No, the opposition to no-target closures arises out of the
fact that the Law Enforcement Committee recognizes that they are practically
unenforceable, and has listed them dead-last on a preference list of 27
possible management measures. But
Nowalsky, the same guy who was willing to cook the recruitment books by leaving
out the highest-recruitment years, chose to make it a matter of personal
spite.
Believe it or not, some Management Board members really do
think that way.
And some just seem to believe that recreational fishermen, particularly those who practice catch-and-release, should sit on the bottom rung of management priorities.
Thus, Emerson
Hasbrouck, New York’s Governor’s Appointee, someone who has supported putting
all of the conservation burden on the shoulders of recreational anglers, while
leaving the commercial quota unchanged, and who
actively supports giving for-hire boats special regulations not
available to those fishing from private boats or who fish from shore, also tried
to convince the Management Board to devalue anglers’ comments on Addendum II, saying, at the January 2024 Board meeting,
“For most of the written comments and comments received at
the public hearing. The majority of
those commenters, again written and again at the public meetings, were
recreational fishermen primarily? Is
that correct?..
“However, on our own [Advisory Panel] we have a more balanced
representation between recreational anglers, the for-hire industry and
commercial fishermen, so that provides us with a more balanced
representation. As I recall from [Ms.
Emilie Franke’s] presentation, the [Advisory Panel] and the majority, actually
twice as many, I think, members of the [Advisory Panel] supported Option C [to
give the for-hire fleet special privileges not enjoyed by other anglers] for
the ocean fishery. There was also
overwhelming support for Option, I think it was, Option A, status quo for the
commercial reduction.”
So yes, let’s disregard the public comment with respect to
those options, give the for-hires special privileges that will allow them to
catch more fish, make no reductions in the
commercial quota, and place all of the burden on the shoulders of
the shore-based and private boat anglers, because one, unfortunately stacked, panel said that they wanted things that way.
Having such people sitting on the Management Board creates a
very big headwind, that isn’t easy to overcome.

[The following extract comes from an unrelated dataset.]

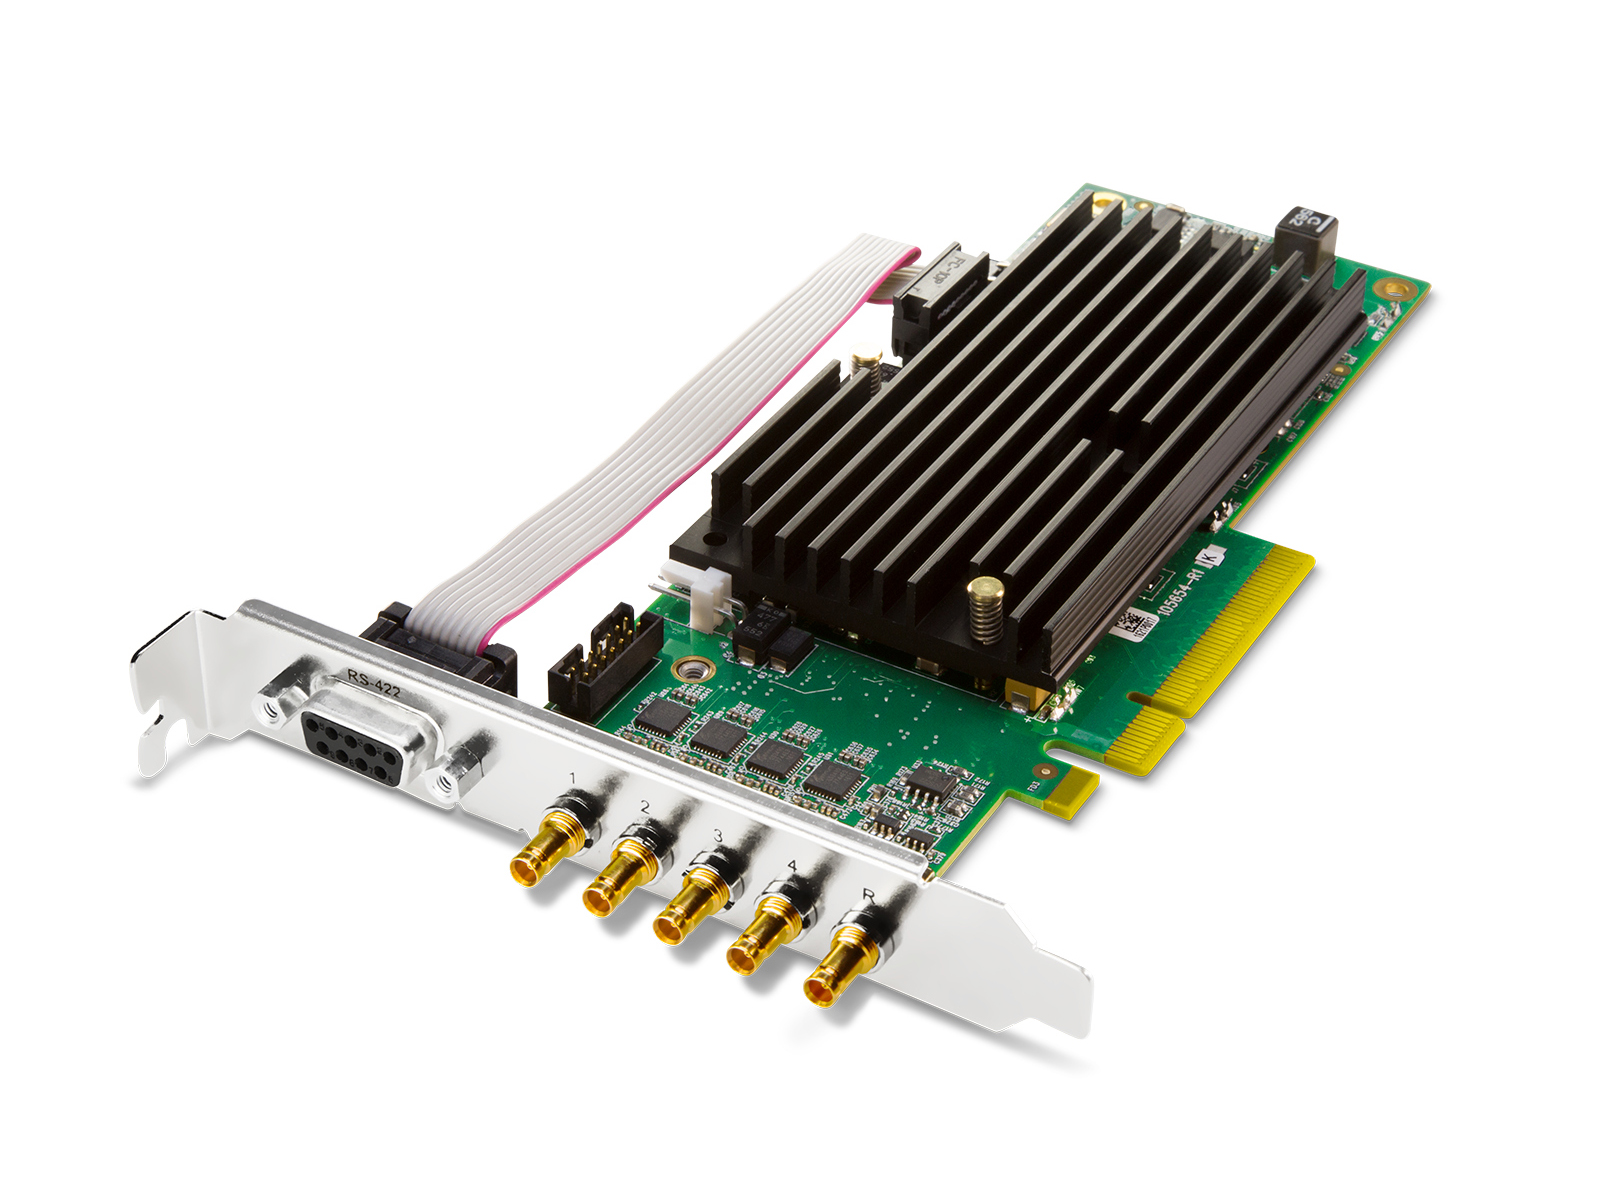 CRV44-BNC-NF 8-lane PCIe 2.0 Flexible Multi-format I/O Card with full size BNC and Passive Heat Sink by AJA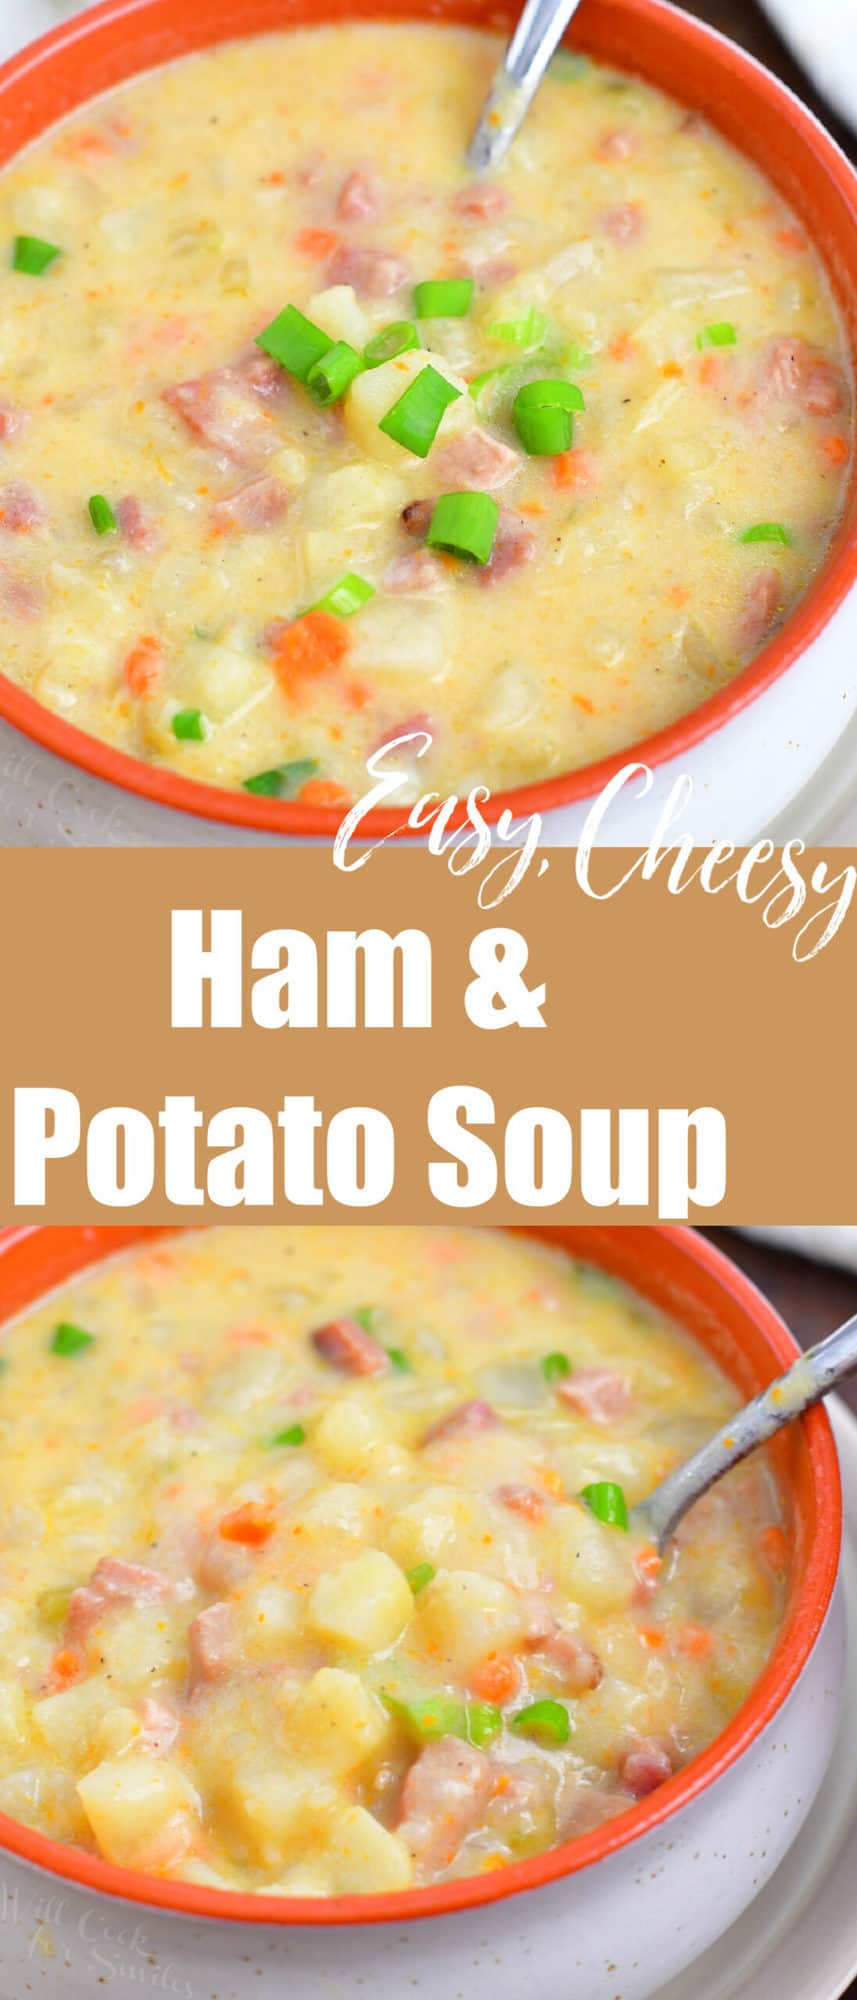 titled image for Pinterest (and shown): Easy Cheesy Ham and Potato Soup

Still, if we are to rebuild the striped bass stock and manage
it for long-term stability, and—and this is not unimportant, although less
important than conserving the stock—also preserve the interests of recreational
fishermen who, in 2024, were responsible for 84 percent of striped bass fishing
mortality and, here
in New York, accounted for over 99 percent of all directed striped bass fishing
trips, thus generating the lion’s share of the fishery's social and economic benefits, the headwinds must be overcome.
And the only way to do that is putting in the work and the time.
We have to show up at the hearings, and bring others with us, and let the managers know what we think. Grab some friends and offer to buy them a beer after the meeting. Believe me, by then, you'll all need more than one.
If we can’t show up at the hearings, we need to, at a minimum, submit
written comments that protect the bass’ interests, and also our own.
Don't doubt that the headwinds will be fierce, and it will take substantial effort to defeat them. But if enough people face them together, they can be overcome.